2005-2007 Draft SEA Map
In 2005, the proposed SEAs were again refined, based on the SEA criteria, to address public comment received in 2003 and 2004. Additional field work was conducted, literature review and sensitive species data tables updated, and a subset of the SEAs, called Ecological Transition Areas, identified and mapped. At the end of this process, the County’s staff biologists and environmental consultants convened to review the updated SEA boundaries over aerial photography to ensure mapping accuracy. The meeting resulted in all four biologists concurring that the proposed boundaries met the SEA criteria. These refinements were reflected on the draft SEA Map, released for public review as part of the draft General Plan in 2007.
2008 Draft SEA Map
In 2008, the draft SEA Map was released for public review as part of the draft General Plan.

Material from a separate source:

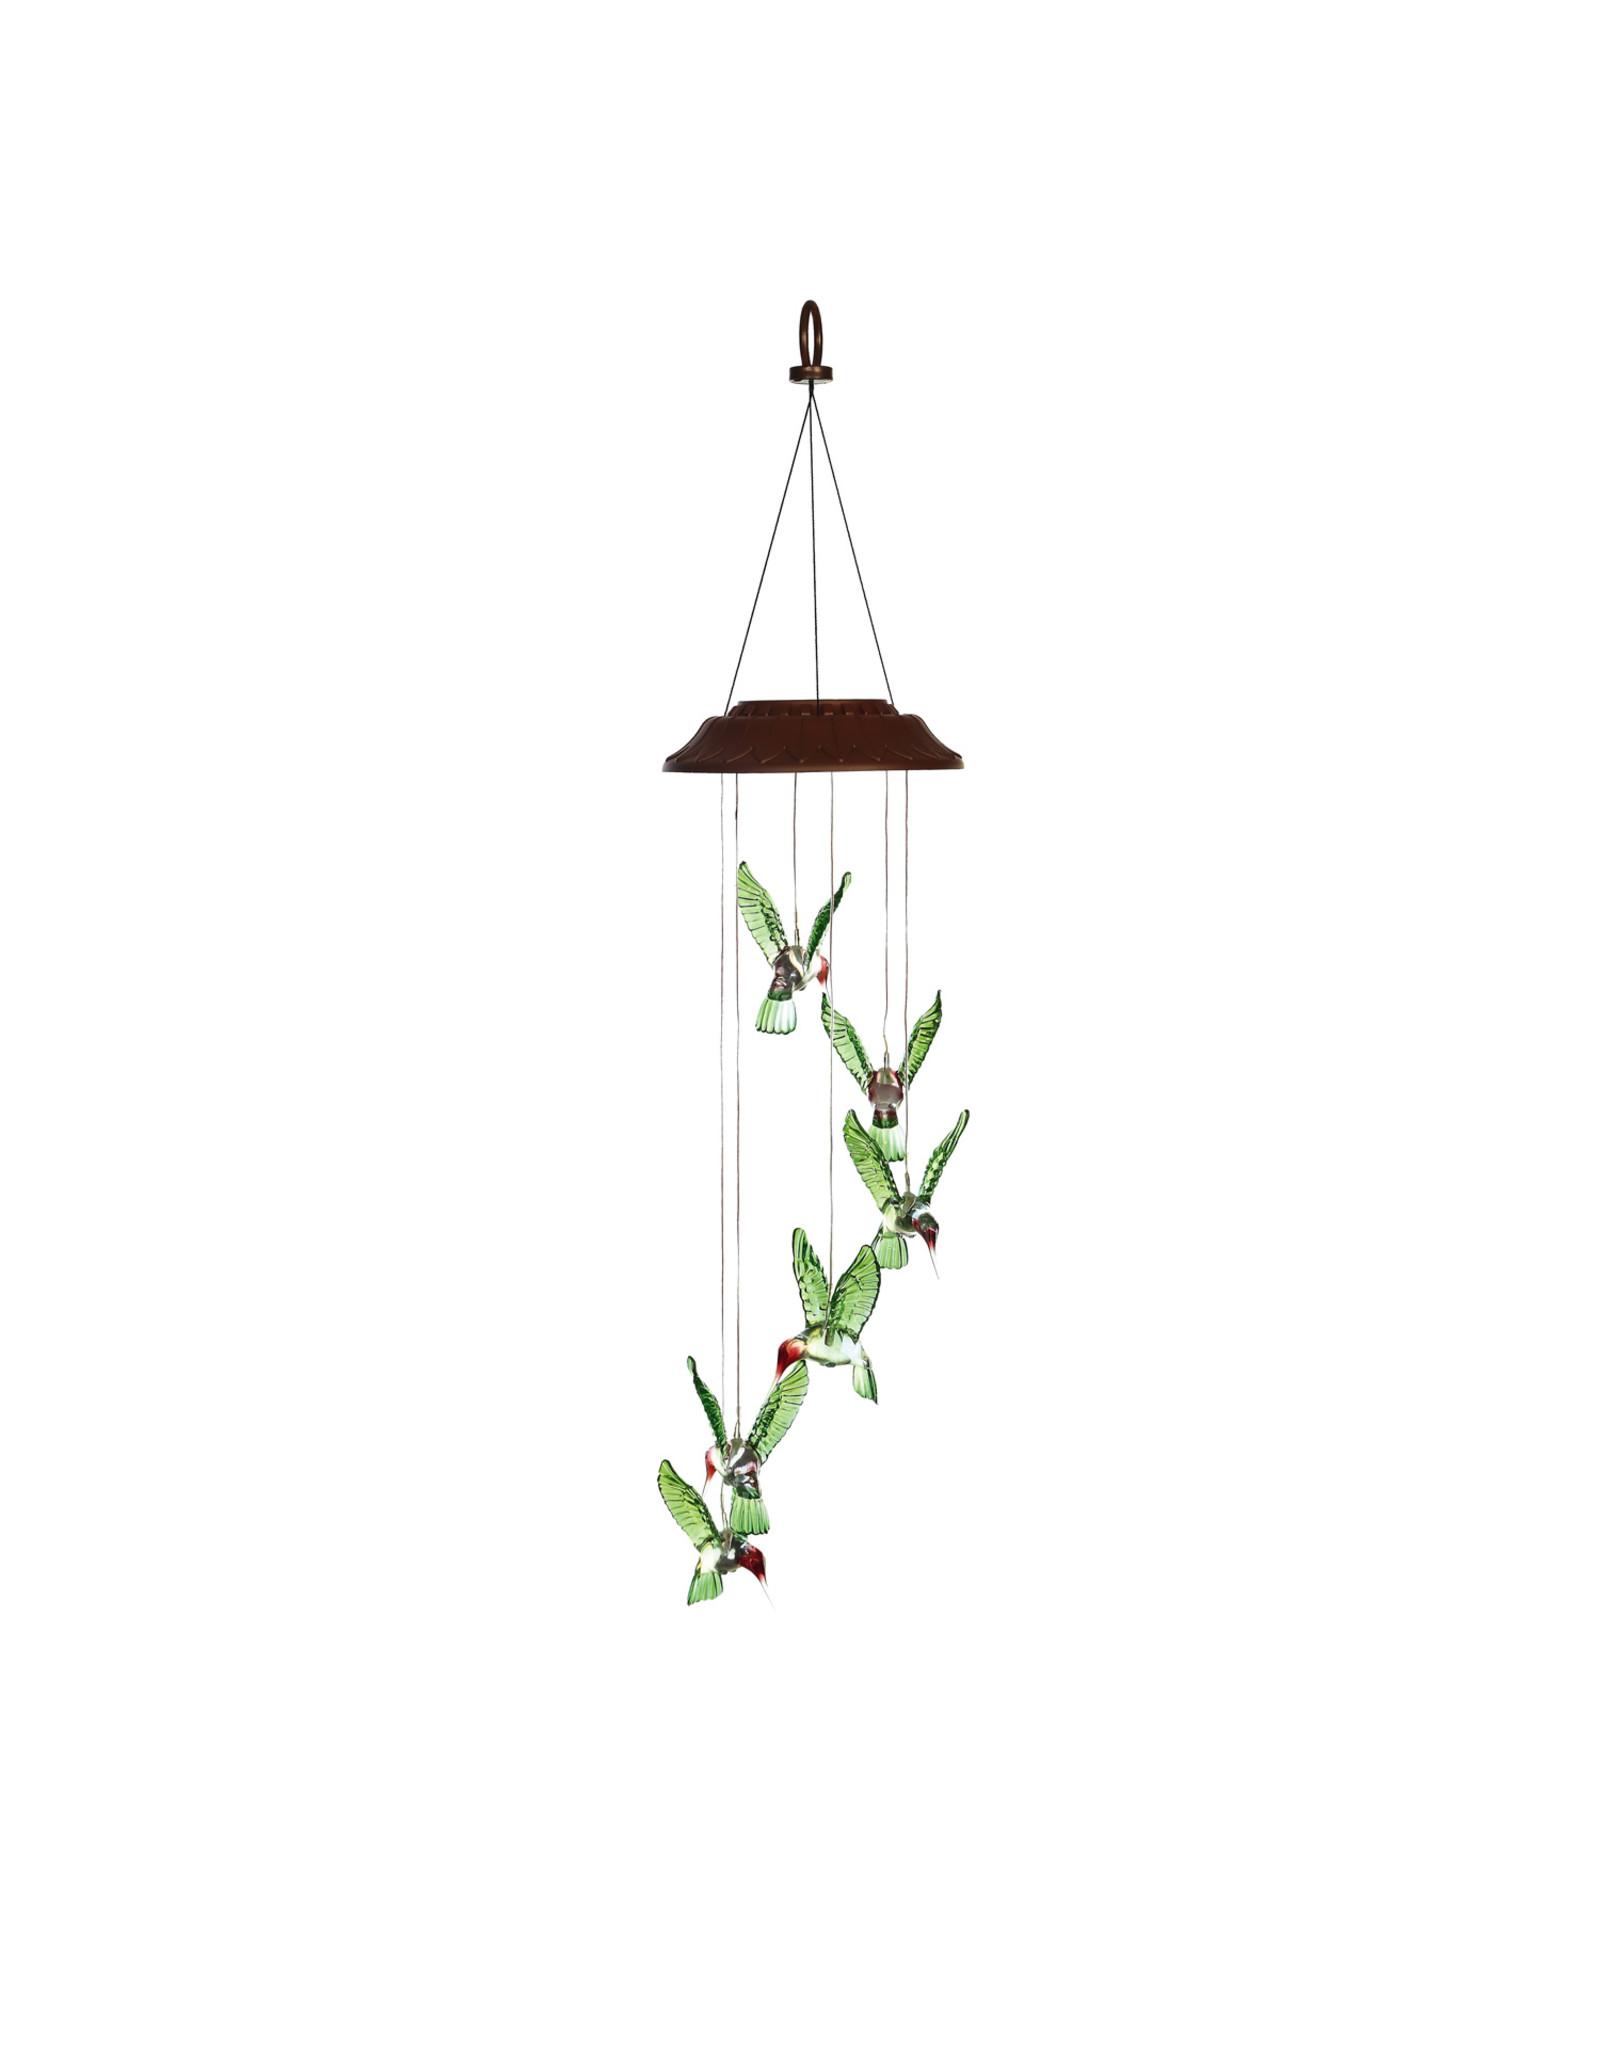 Evergreen HUMMINGBIRD SOLAR MOBILE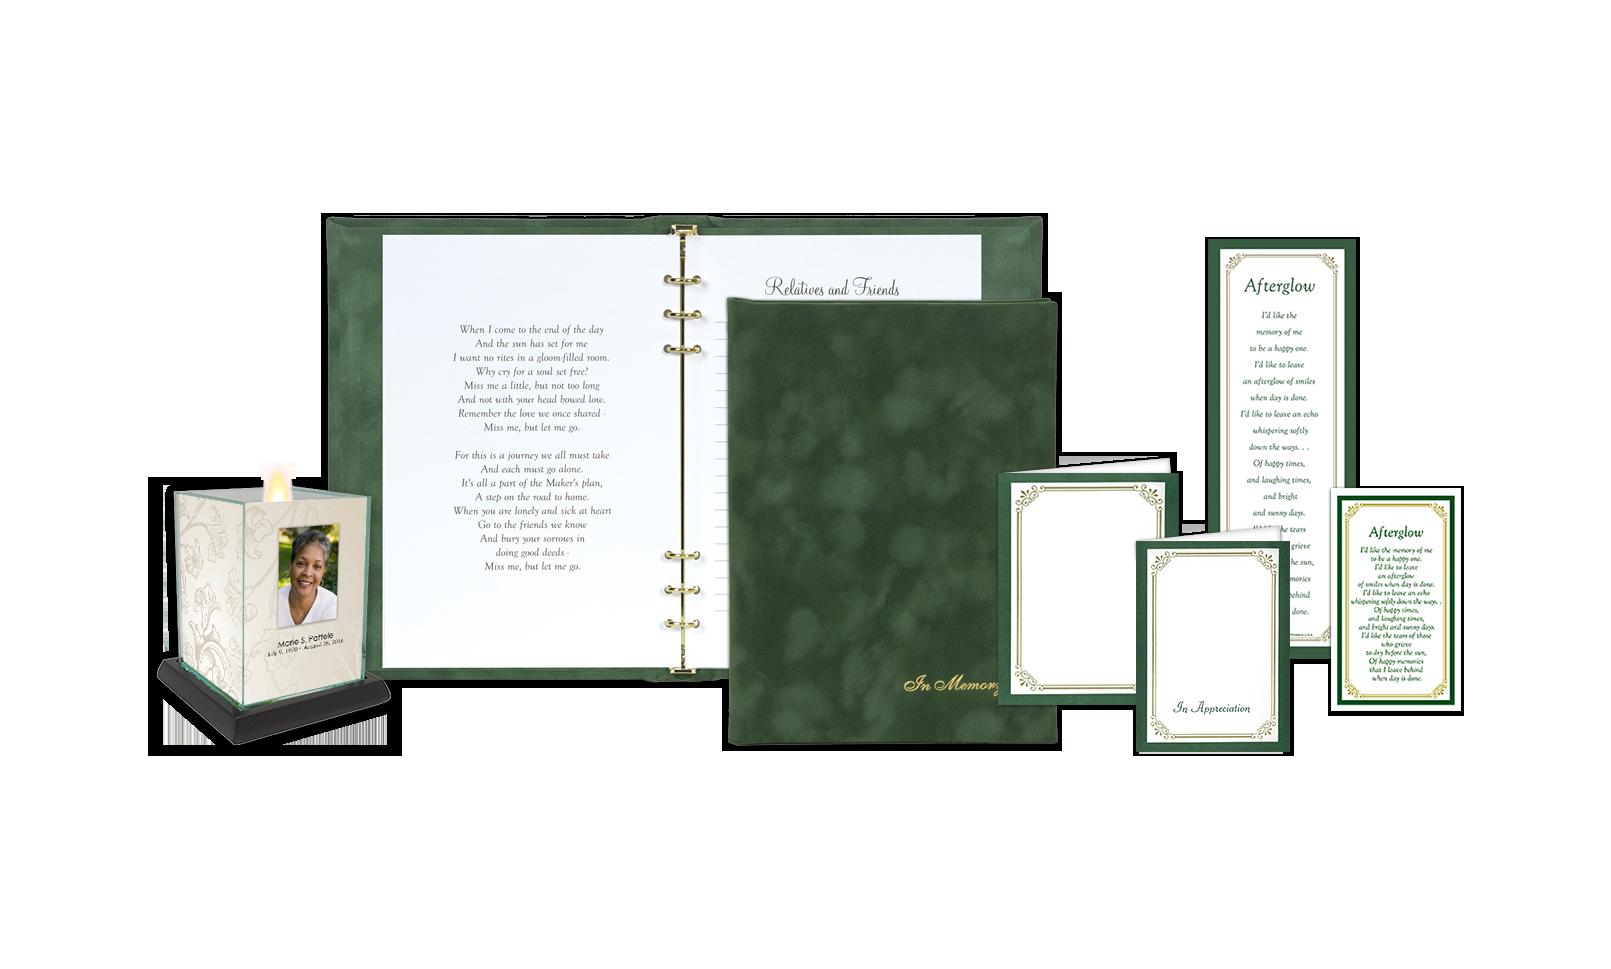 ROL In Memory Suedelux Green Series 507 FS

2010 Expert Panel of Biologists
In 2010, an expert panel of biologists was convened to evaluate the SEA boundaries. The panel reviewed the SEA criteria, discussed scientific data, current biological theory, and their knowledge of the resources. Based on the SEA criteria and program methodology, additional locations were identified as areas that warranted the SEA designation. There were no recommendations to reduce the SEA boundaries. All recommendations by the panel to the County were considered and many were incorporated into the SEA Program.
2011 Draft SEA Map
In 2011, the draft SEA Map was released for public review as part of the Los Angeles County Draft 2035 General Plan.
Throughout the entirety of the SEA Study and update process, modifications to the proposed boundaries have occurred based on biological information received through multiple public review periods.